Extracting recording using egrep

vegasluxor · October 9, 2013, 6:32am

Hello,

Need help using egrep

file format:
test.gz

Date, time, , number 1, number 2, counter...
20130618,912154, ,009912345678,911111111111,10000, , ,abc
20130618,982148, ,009101373810,034028791952294,8999, , ,gh

Want to extract number1 OR number2 records in files based on a two or three digit country code.
example:
country code: 91
then output should be line containing number1 or number2 starting with 91. (cases 0091<number>, 091<number>, +91<number>,91<number> )

How to use regular expressions in egrep ? Search position after 3rd comma or 4th comma and check for country code. Please help. Thanks !!!

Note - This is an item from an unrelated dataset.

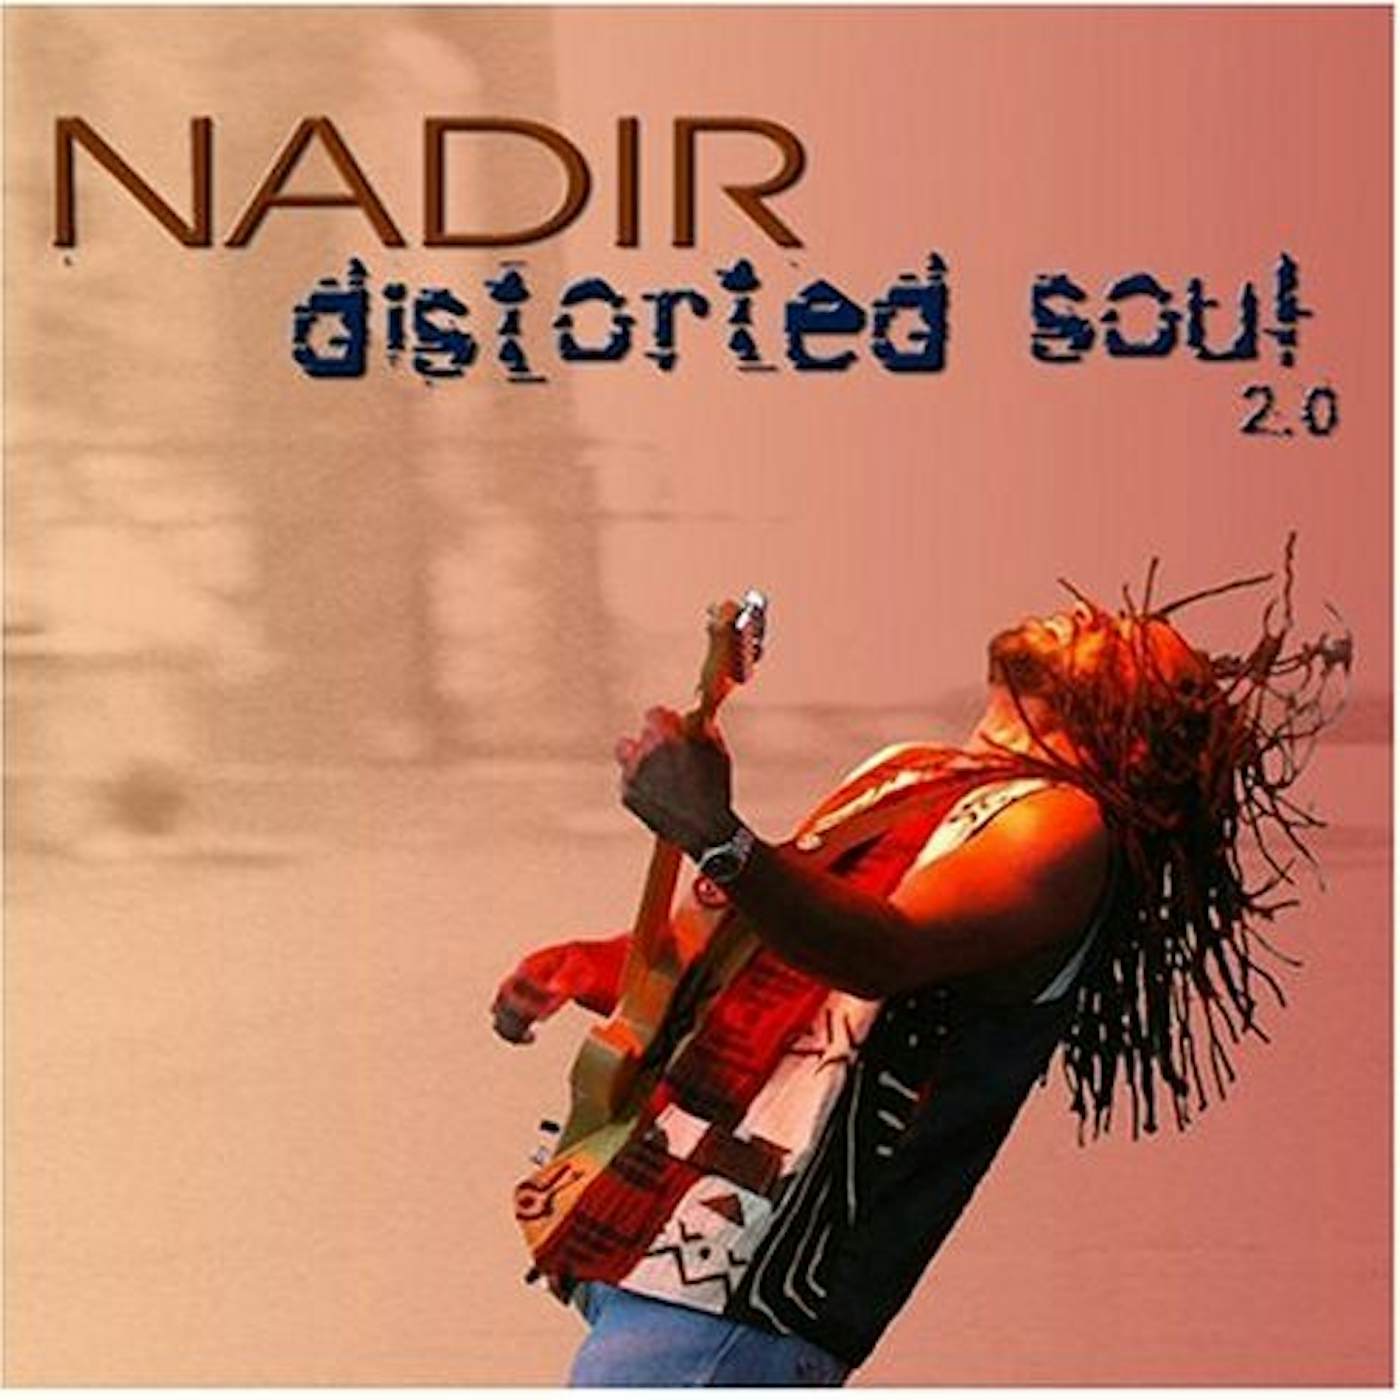 Nadir DISTORTED SOUL 2.0 CD

rbatte1 · October 11, 2013, 6:35am

You could try with the expression similar to this:-

grep "^[0-9]*,[0-9]*, ,009[19] inputfile

I think that this translates as:-

^ - from start of line
[0-9] - the digits
* - repeated as many times as needed
, - the literal character which is your field separator
This is shown twice, then a space and the string starting 009 then either a 1 or a 9.

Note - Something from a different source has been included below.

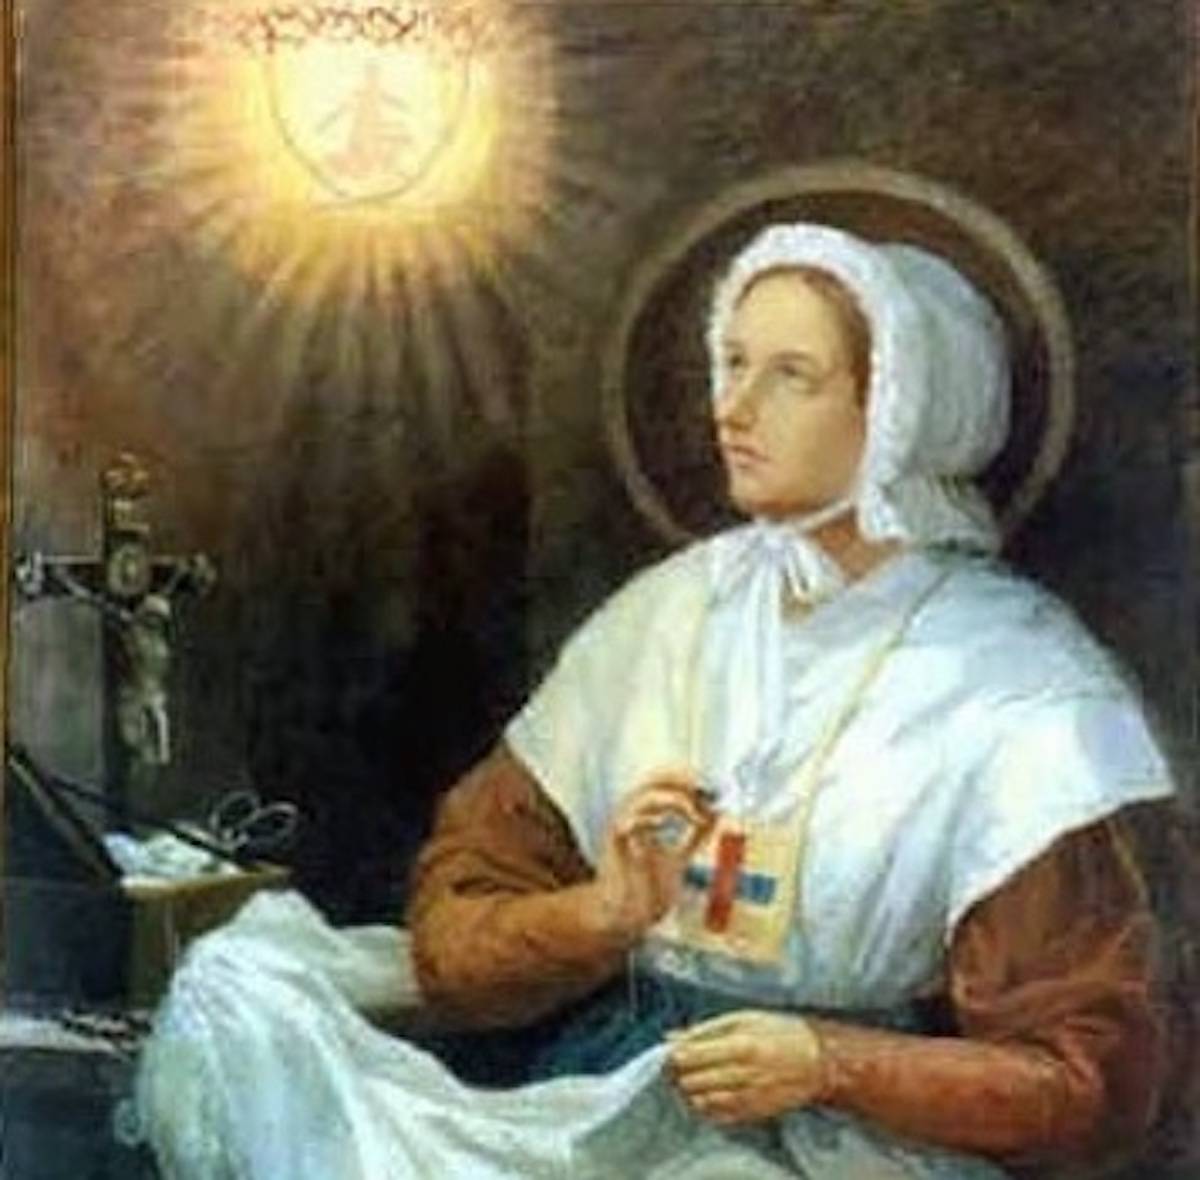 Beata Ana María Taigi

Does that get you started? You may need to use grep -E or egrep with the character | as a logical or between them if you want to have multiple options, e.g.:-

grep -E "^[0-9]*,[0-9]*, ,009[19]|^[0-9]*,[0-9]*, ,9[19]|^[0-9]*,[0-9]*, ,[0-9]*,009[19]|^[0-9]*,[0-9]*, ,[0-9]*,9[19] inputfile

I hope that this helps. I might have missed the point, so please show me some more input & expected results along with what you have tried & the output and I will see if we can refine it a bit.

Robin
Liverpool/Blackburn
UK

ctsgnb · October 11, 2013, 6:59am

Why not using awk ?

$ cat tst2
Date, time, , number 1, number 2, counter...
20130618,912154, ,009912345678,911111111111,10000, , ,abc
20130618,912154, ,009912345678,921111111111,10000, , ,abc
20130618,982148, ,009101373810,034028791952294,8999, , ,gh
$ CountryCode=92
$ awk -F, -vC="$CountryCode" '($4~"^[ 0]*"C)||($5~"^[ 0]*"C)' tst2
20130618,912154, ,009912345678,921111111111,10000, , ,abc
$ CountryCode=91
$ awk -F, -vC="$CountryCode" '($4~"^[ 0]*"C)||($5~"^[ 0]*"C)' tst2
20130618,912154, ,009912345678,911111111111,10000, , ,abc
20130618,982148, ,009101373810,034028791952294,8999, , ,gh
$

vegasluxor · October 11, 2013, 8:22am

@Robin
Thanks a lot !!! Yes! this will defiantly help me to start.

---------- Post updated at 07:22 AM ---------- Previous update was at 07:21 AM ----------
@ctsgnb
Will try it... thanks a lot!

RudiC · October 11, 2013, 8:32am

How about

grep -E "^(.*,){3}[ 0+,]*91" file

rbatte1 · October 11, 2013, 8:36am

Whoa! RudiC What's all that?

It looks neat, but I will have to work it out. :o

It could be wonderful shorthand that I will be pleased to learn/use.

Thanks,
Robin

RudiC · October 11, 2013, 8:59am

This may be even better, as it makes the leading comma check compulsory for both fields:

grep -E "^(.*,){2}.*, *[0+]{,2}91" file

rbatte1 · October 18, 2013, 8:53am

^(.*,){2}.*, *[0+]{,2}91

Please tell me if I have understood correctly, trying to color code to make it obvious what I'm looking at. The above expression equates to:-

From the start of line
Zero or more characters finishing in a comma (a field to us)
Twice
Another field
Zero or more spaces
A zero or a plus character
{,2} - okay I'm stuck on this one.
Literal string 91

For the one I'm stuck on, i have something telling me about {3} , {3,} or {3,6} but not the format you have. I could guess that it is 'less than or equal to 2' but my simple testing doesn't seem to get very far.

Robin

RudiC · October 18, 2013, 1:39pm

Actually, the more I look at my code, the more I see it needs some improvements/corrections, as I didn't test it against ALL possible input constellations. It worked for the file given, also for a handful of other test cases, but there may be uncovered cases.
Anyhow, my grep (grep (GNU grep) 2.14) did not complain on that {,2}, but you may be right that this is not a usual extended regex.